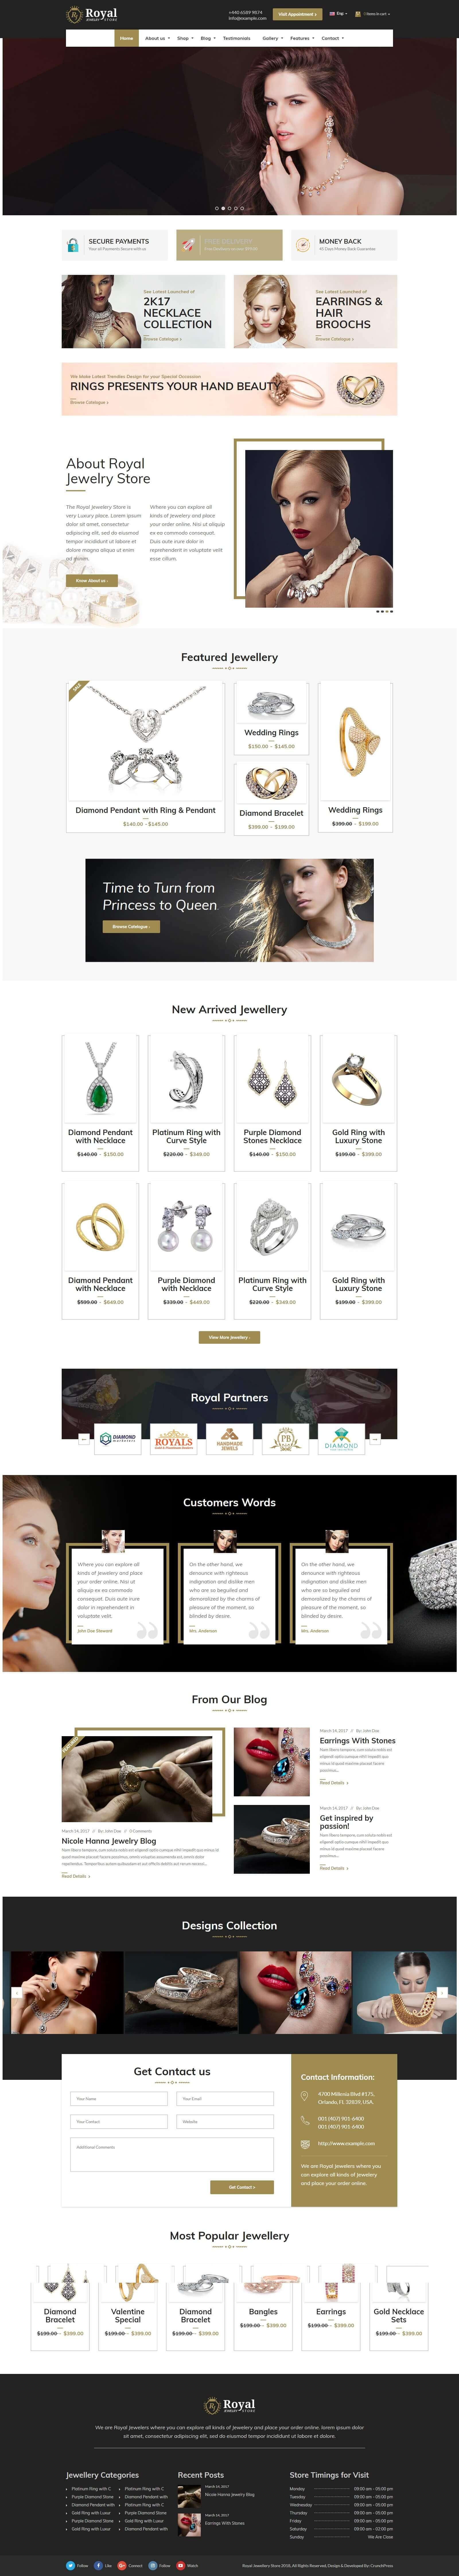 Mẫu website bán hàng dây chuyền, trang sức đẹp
==
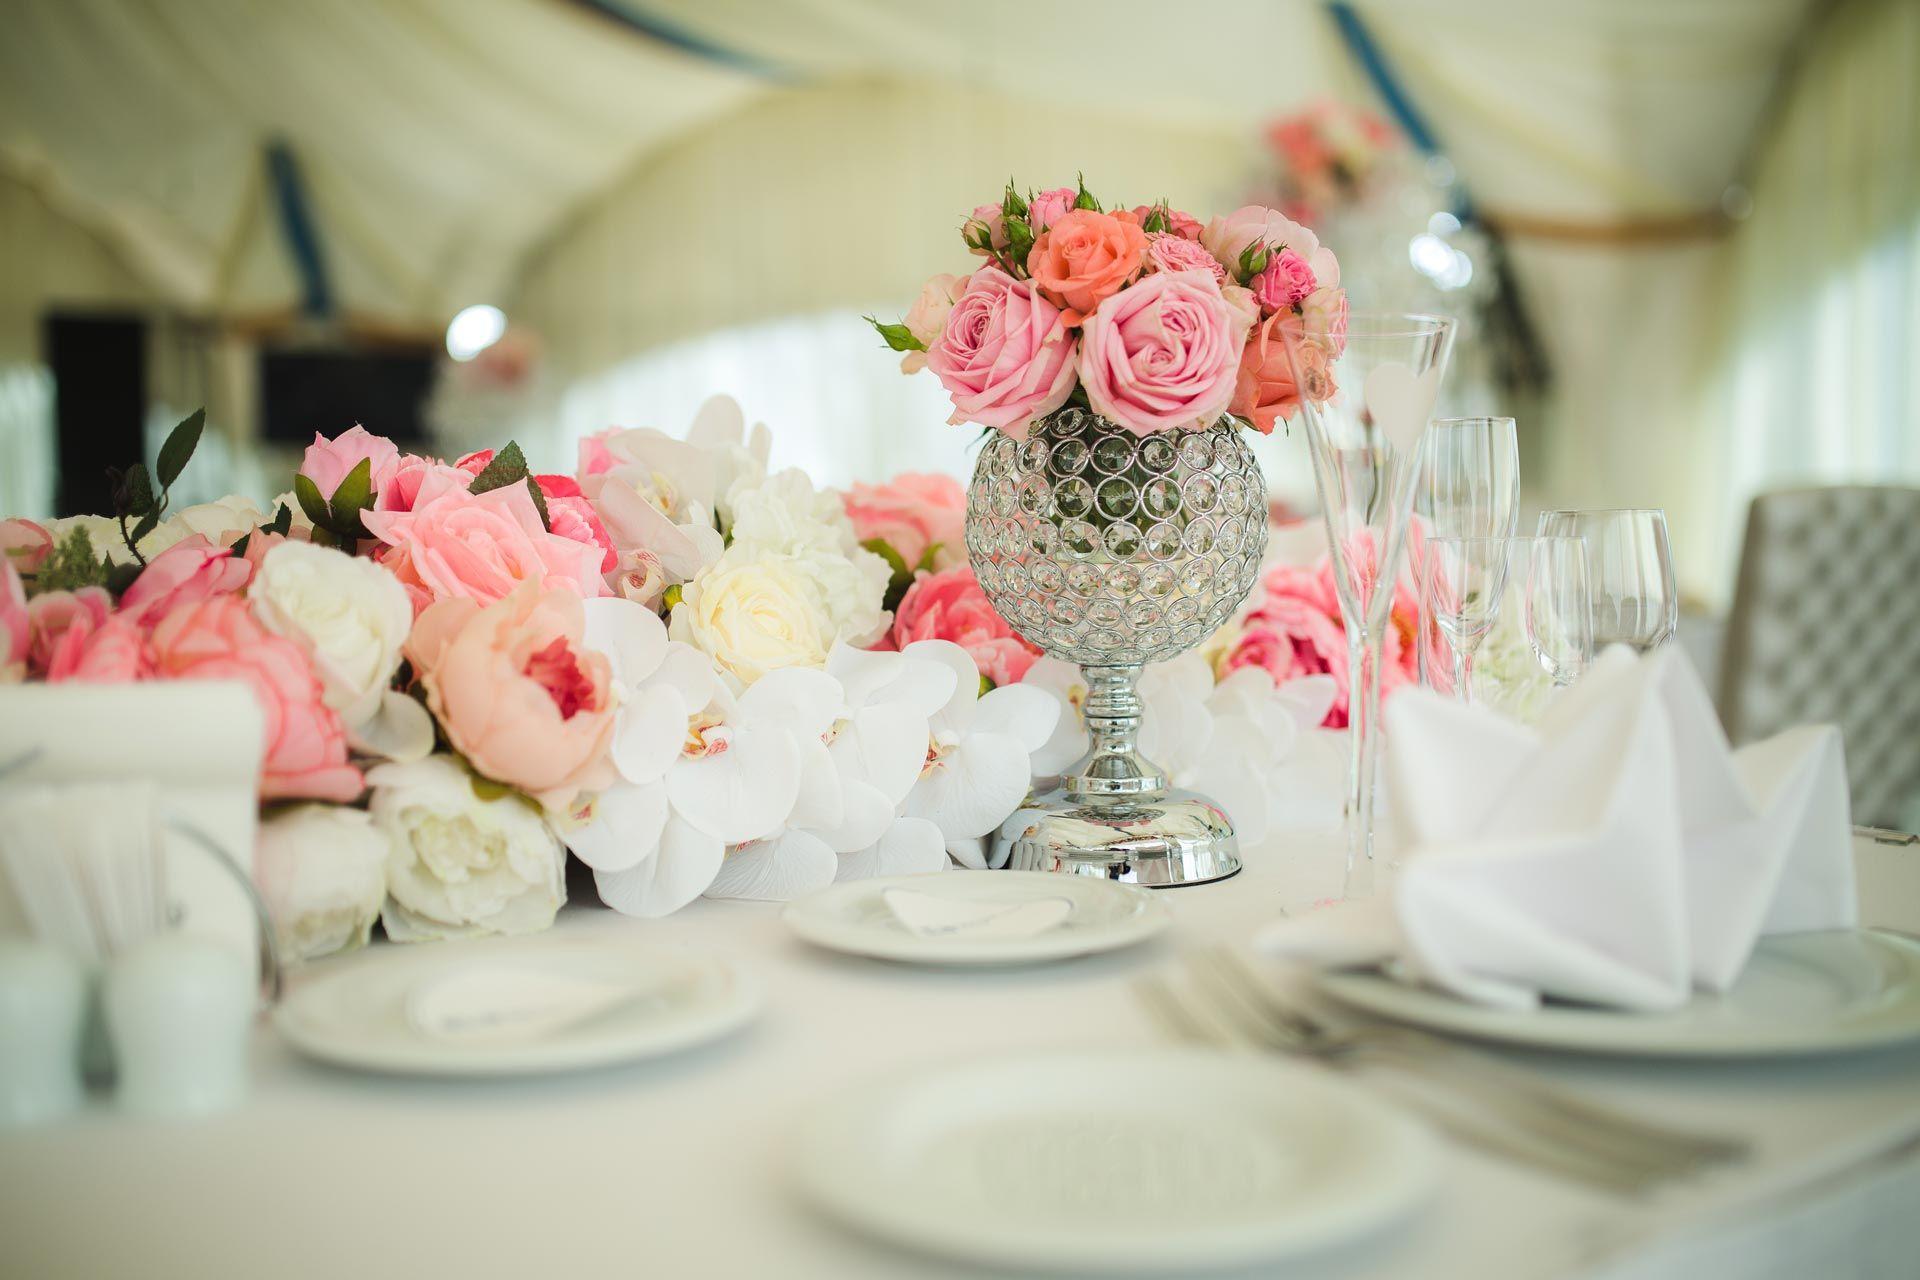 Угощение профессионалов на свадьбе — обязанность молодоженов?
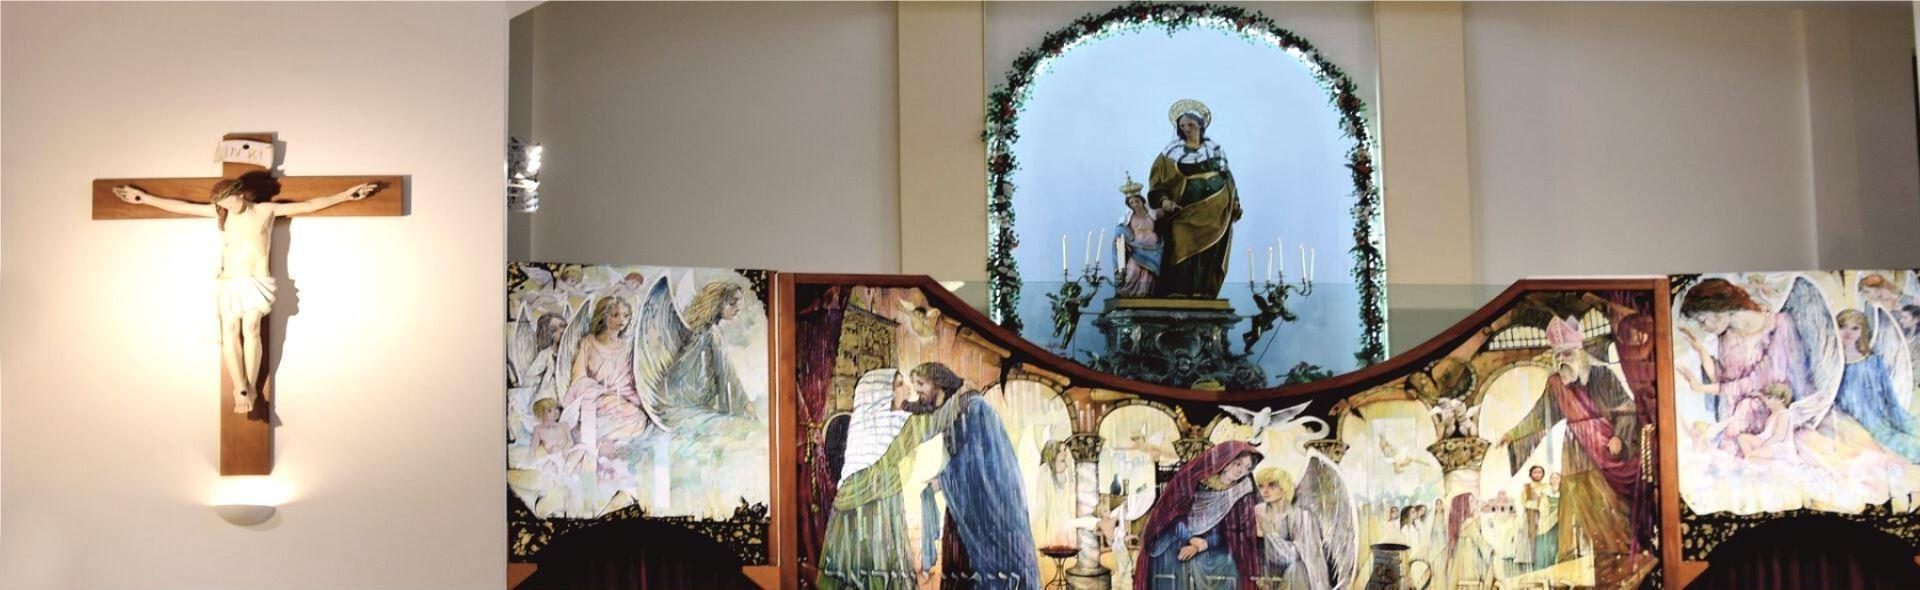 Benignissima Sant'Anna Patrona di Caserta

# Your instructions:
The lines above from the line with "Угощение профессионалов на" through the line with "Benignissima Sant'Anna Patrona di Caserta" are to be given again word for word, with no pictures among them.

# Answer section:
 Угощение профессионалов на свадьбе — обязанность молодоженов?
 Benignissima Sant'Anna Patrona di Caserta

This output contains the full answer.